Pasture can provide certain welfare benefits: cows have access to a more natural environment, they can perform behaviors that may be important to them such as grazing (Krohn, 1994), and cows on pasture sometimes experience a lower incidence of diseases such as mastitis (Washburn et al., 2002) and lameness (Hernandez-Mendo et al., 2007). That said, cows can also benefit from conditions provided indoors, most notably access to a high-quality diet and protection from environmental extremes (e.g., heat, cold, and wetness).

Cattle will change locations in response to the climatic conditions (e.g., Redbo et al., 2001). For example, cattle prefer to use areas protected from the wind in winter (Beaver and Olson, 1997; Senft and Rittenhouse, 1985). Similarly, cattle in hot conditions will seek shade and spend more time under shelters as temperatures increase (Blackshaw and Blackshaw, 1994; Vandenheede et al., 1995).

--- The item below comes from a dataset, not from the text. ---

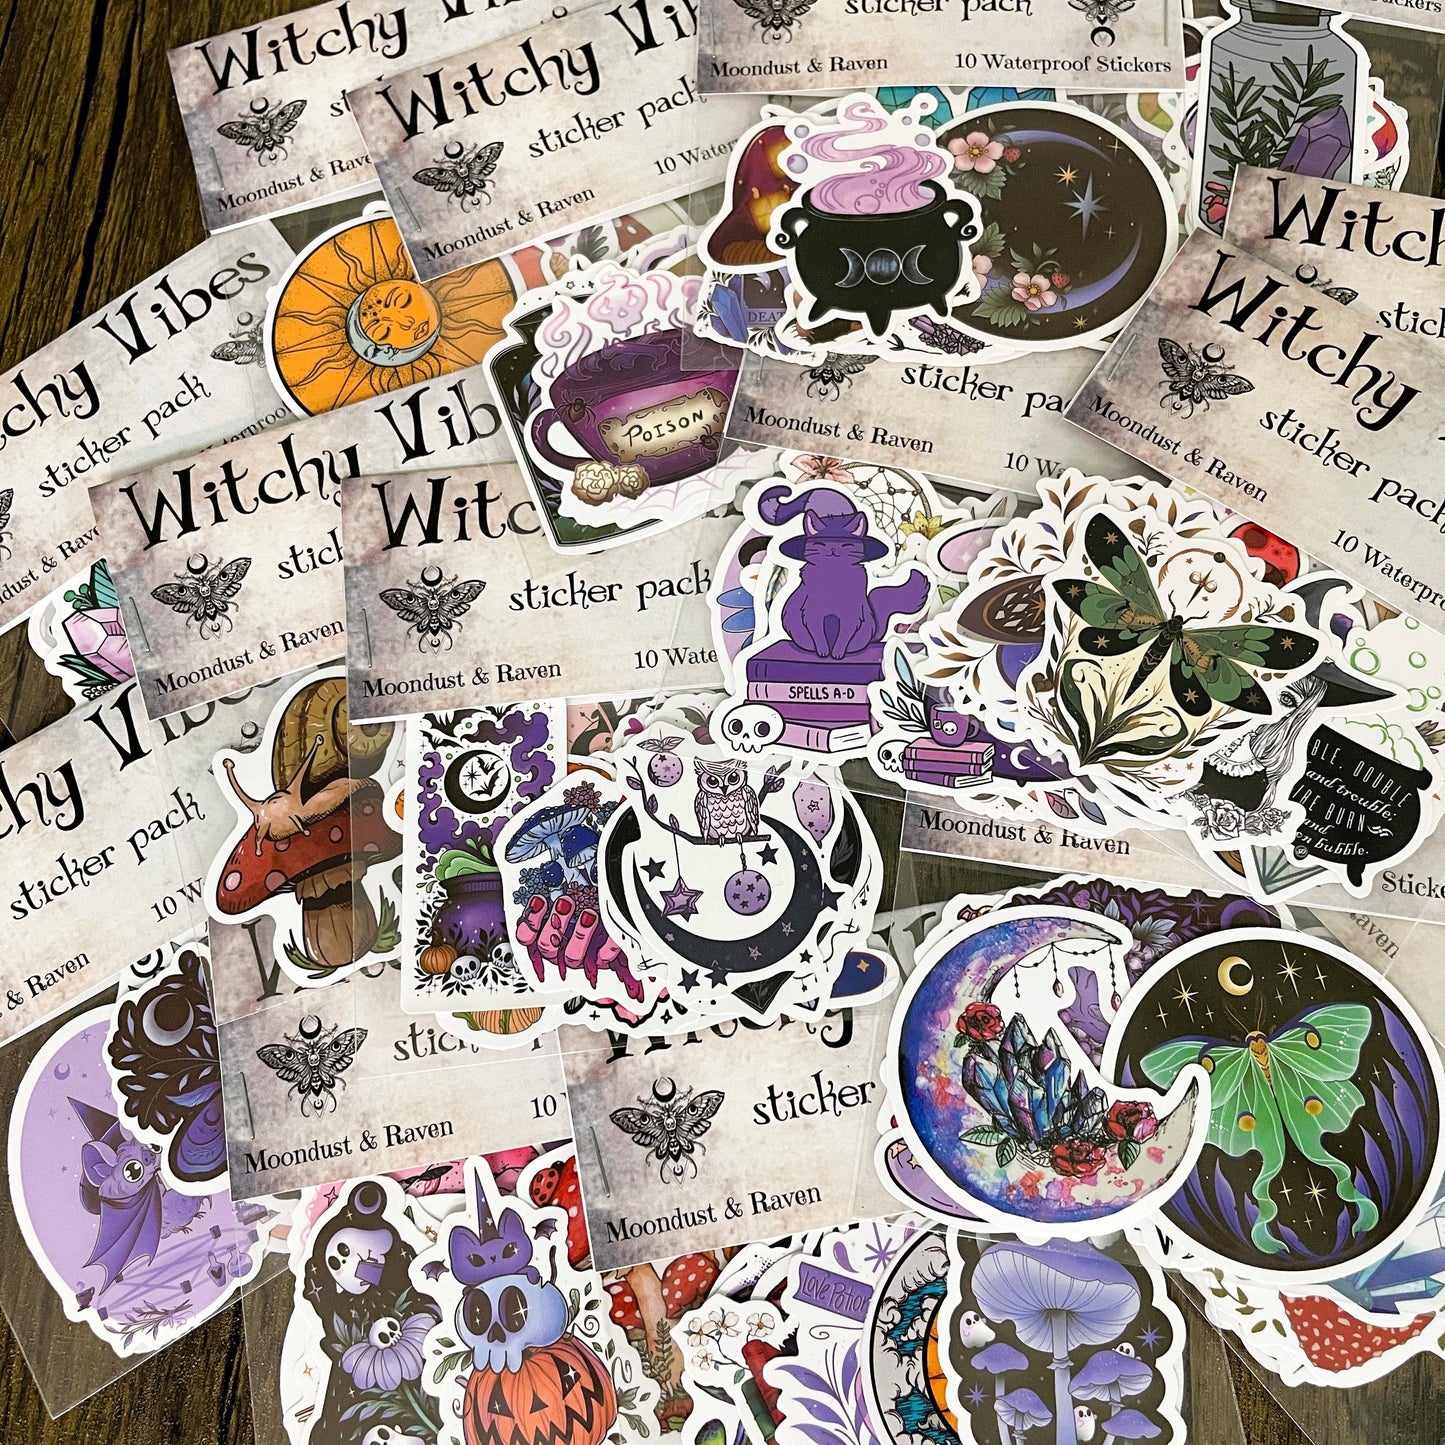 Witchy Vibes Sticker Packs, Waterproof Witchy Stickers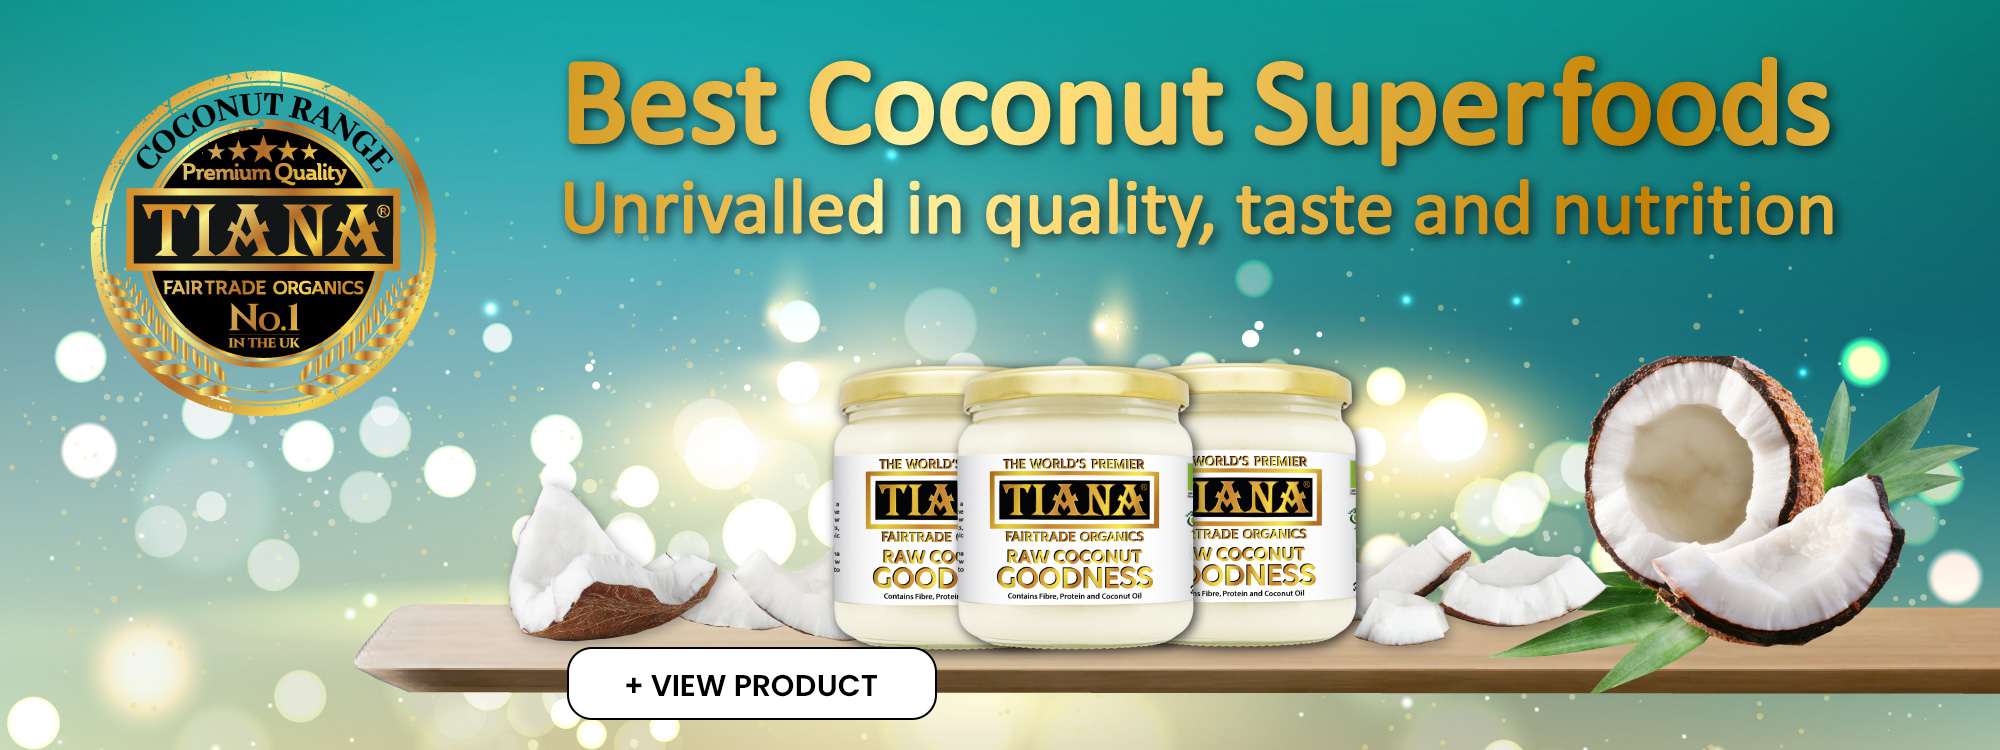 Coconut Superfoods

Generally, cattle are more affected by heat than by cold (Hemsworth et al., 1995), especially in pasture-based systems where the animals are exposed to direct sunlight. The temperature-humidity index (THI) is commonly used to assess thermal comfort for cattle. A THI of 72 (corresponding to 25°C and 50% relative humidity) is generally accepted as the upper threshold for lactating dairy cows, in part because milk production declines when THI exceeds this level (Igono et al., 1992; Ravagnolo et al., 2000). Depending upon the design of the indoor housing, temperature and humidity may be higher or lower than on pasture, but indoor housing provides shelter from direct sunlight and thus protects cows from the effects of radiant heating.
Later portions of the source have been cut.